Ecrire encore et encore entre les lignes. Ne pas lâcher cette plume qui nous a déjà tracé une si belle aventure. Mais le temps passe, les heures s'effilochent comme un drapeau au vent. Il faut se résoudre, accepter la fragilité d'une journée, notre impuissance à la rallonger. Peut-être est-ce justement dans l'éphémère que réside la beauté du voyage ? Ne peignons pas non plus tout en blanc. Notre voyage euro-asiatique a eu son lot d'orages, assombrissant notre horizon, le ramenant à cette couleur unique qu'est le noir. Colères, impuissance, peurs, mélancolie, tristesse ont été les nuages de notre route. Qu'ils soient du pendant ou de l'avant notre départ. Comment ne pas se rappeler, lorsque l'on aperçoit un chat « dormant » sur le bitume. Comment ne pas se rappeler, lorsque l'Histoire est à chaque coin de rue. Comment ne pas pleurer, quand deux continents nous séparent des gens que l'on aime.

Mais le temps est un bon professeur. Si trop souvent il est contraint d'écrire en blanc sur un tableau noir, il nous a appris à apprécier le gris. Gris, qu'il faut prendre le temps de déchiffrer. De réduire comme on le ferait avec un bouillon pour n’en garder que le meilleur. La boucle est donc bouclée.

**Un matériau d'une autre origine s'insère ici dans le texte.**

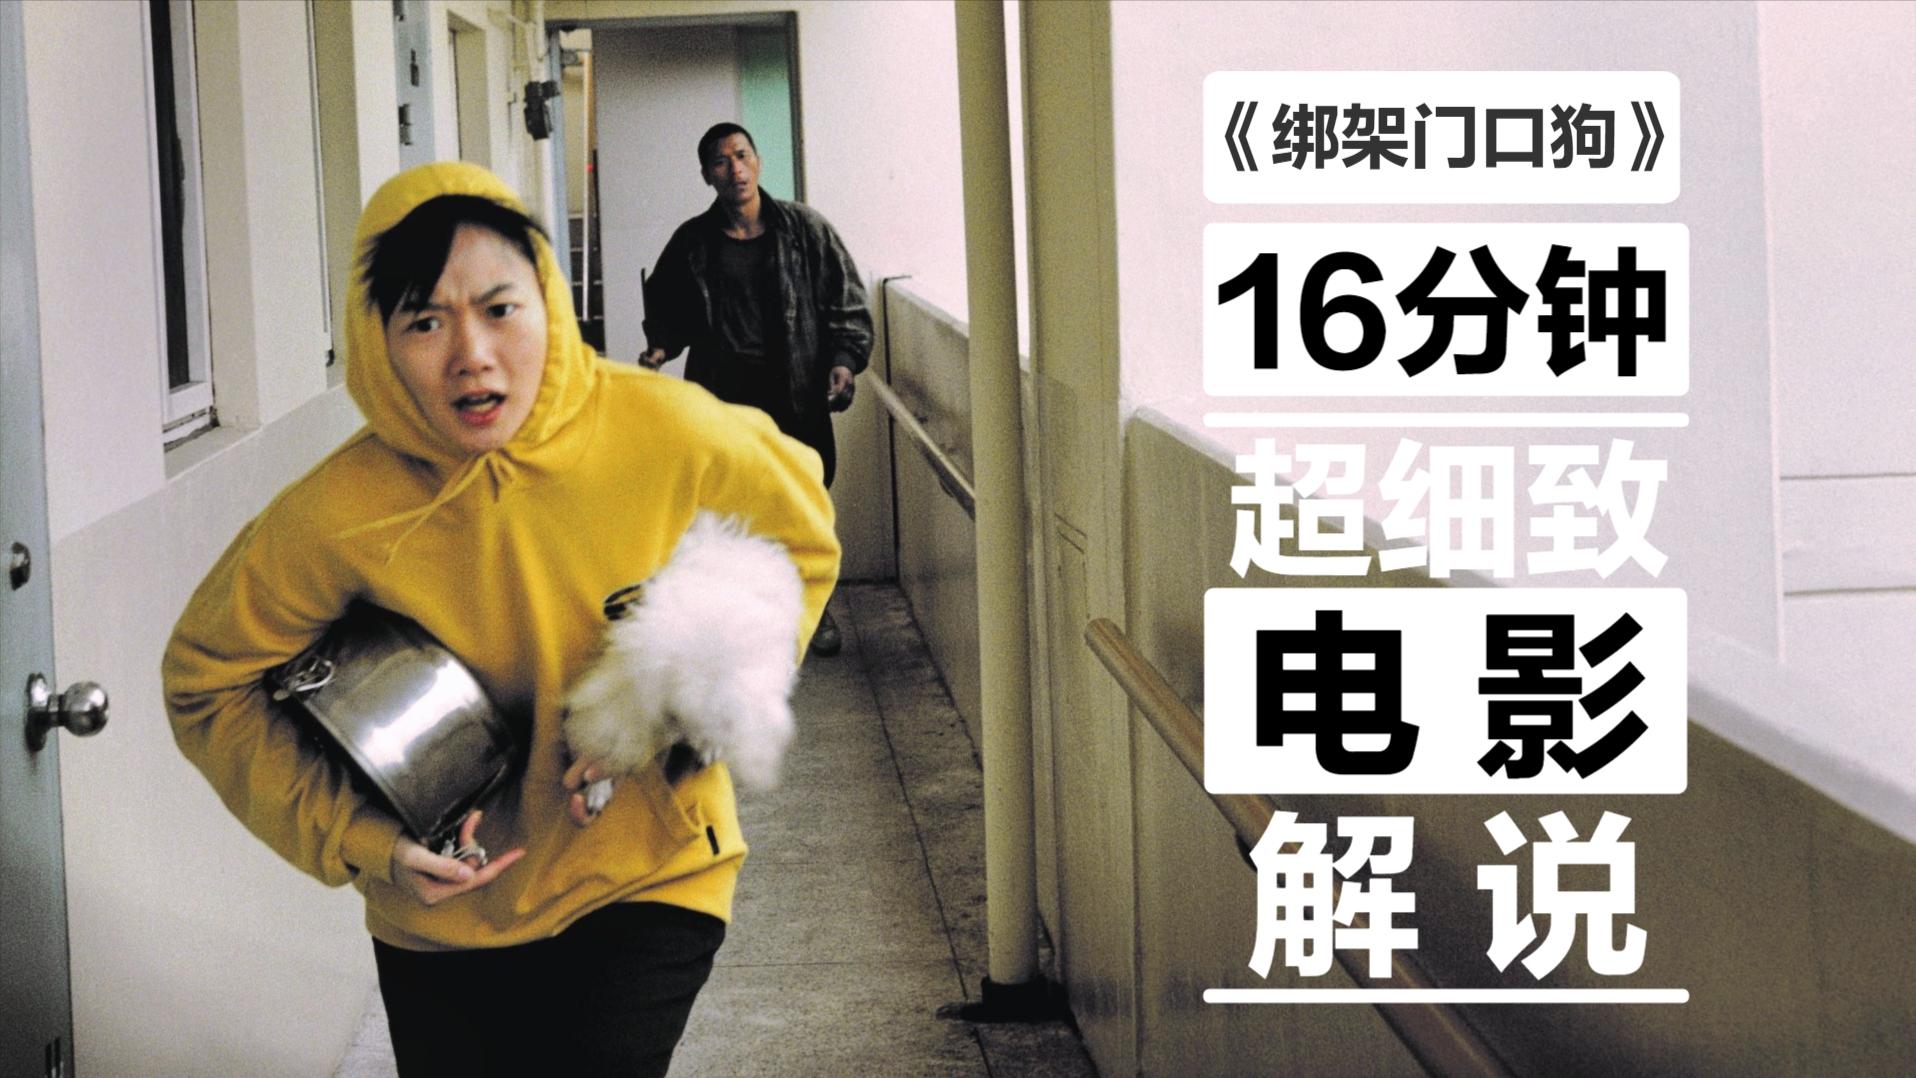 《绑架门口狗》:吃狗的正义性,为人的动物性,无非是生活的悲凉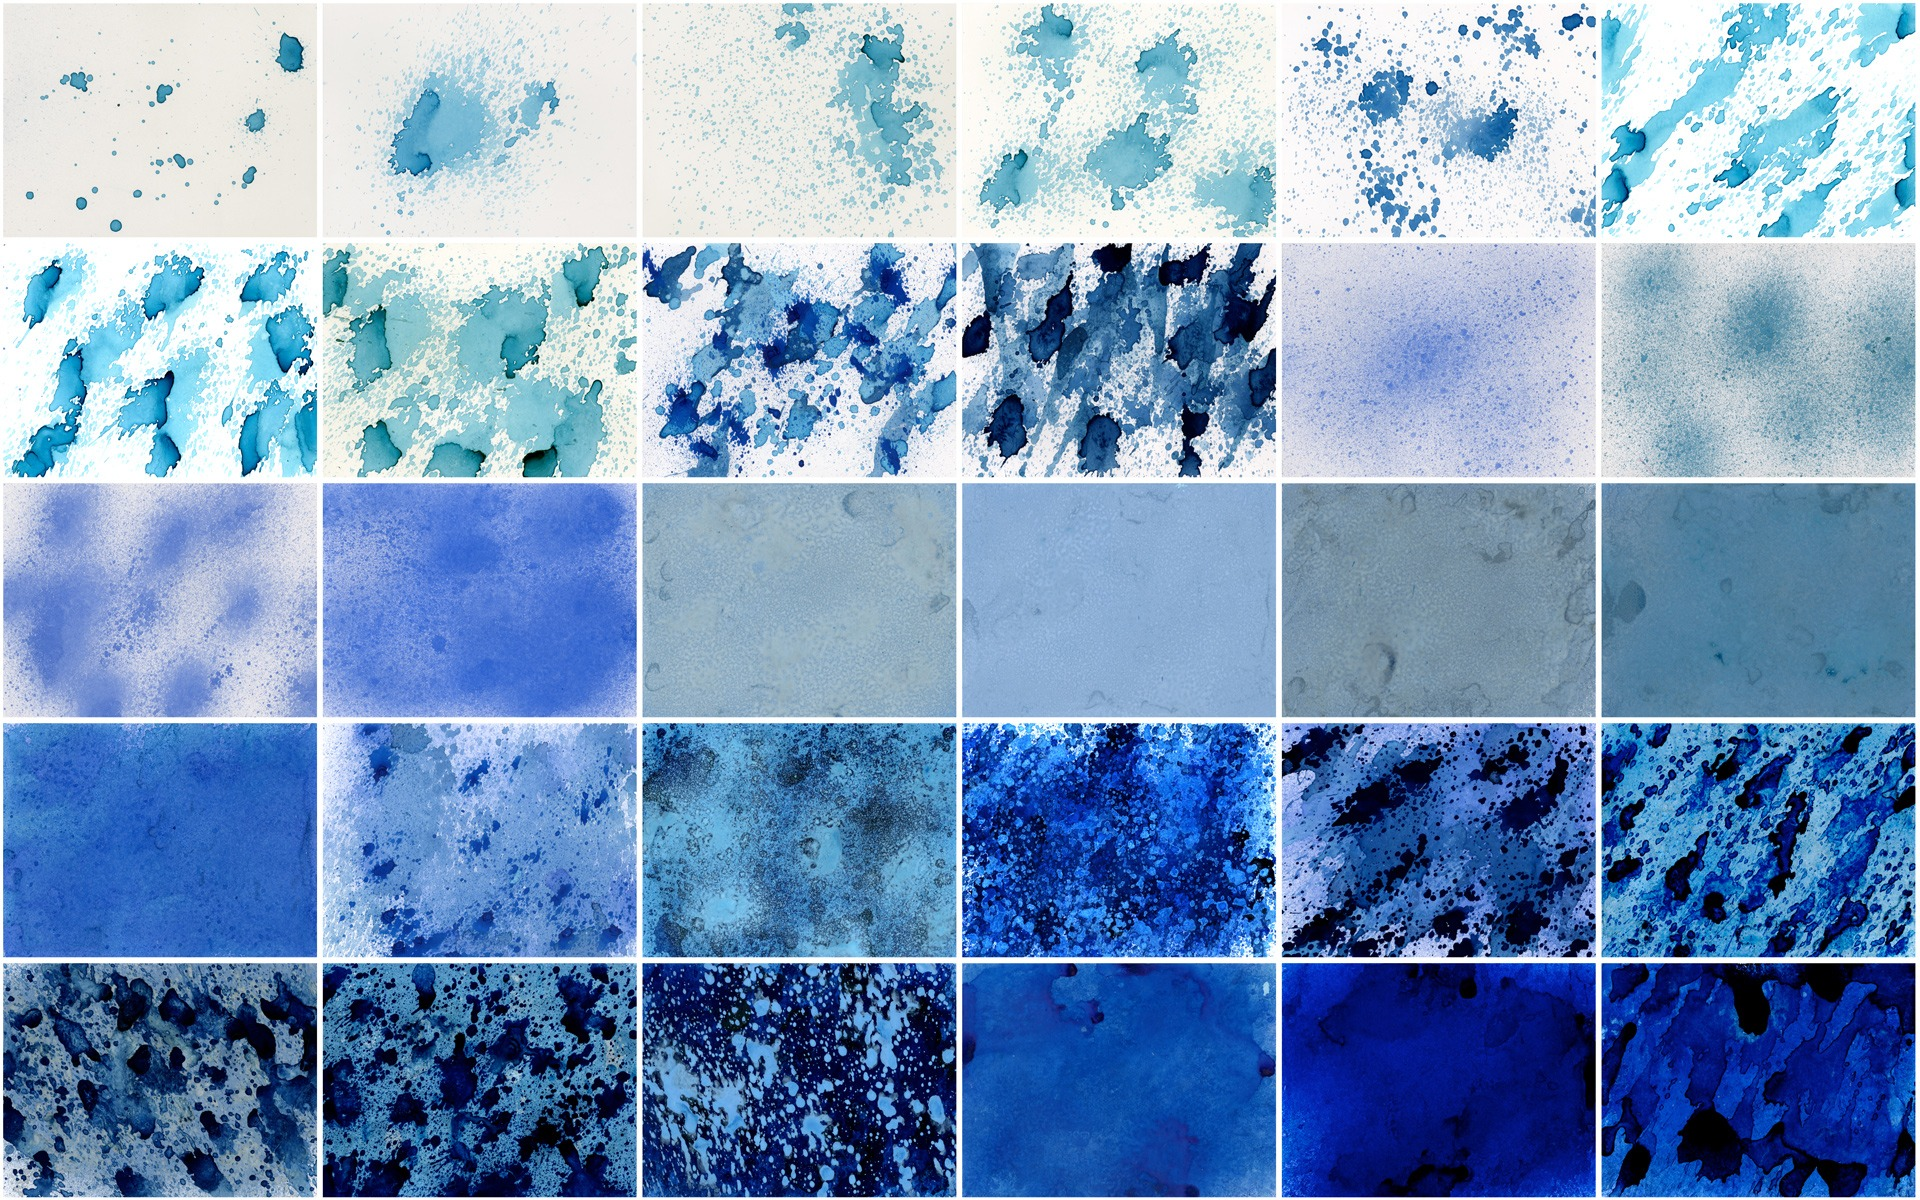 cloud-studies.jpg

Le temps qui nous invite à le prendre et peut-être même à le comprendre.

Si le soleil transformait le pont en fournaise, au début de cette lettre, en cet instant, il nous offre un dernier baiser avant de nous abandonner à l'obscurité. Orange sera la couleur qu'il a choisie pour nous dire au revoir. Peut-être un peu trop présomptueux, c'est avec toutes les couleurs de l'arc-en-ciel que je vous fais mes adieux. Le bleu pour l'envie, le rouge pour la vie. Le vert pour l'espoir, le jaune de se revoir. Et pour que cet arc, tout comme notre voyage, soit complet, j'y ajouterai un rien de violet.

Portez-vous bien et gros bisous à vous tous.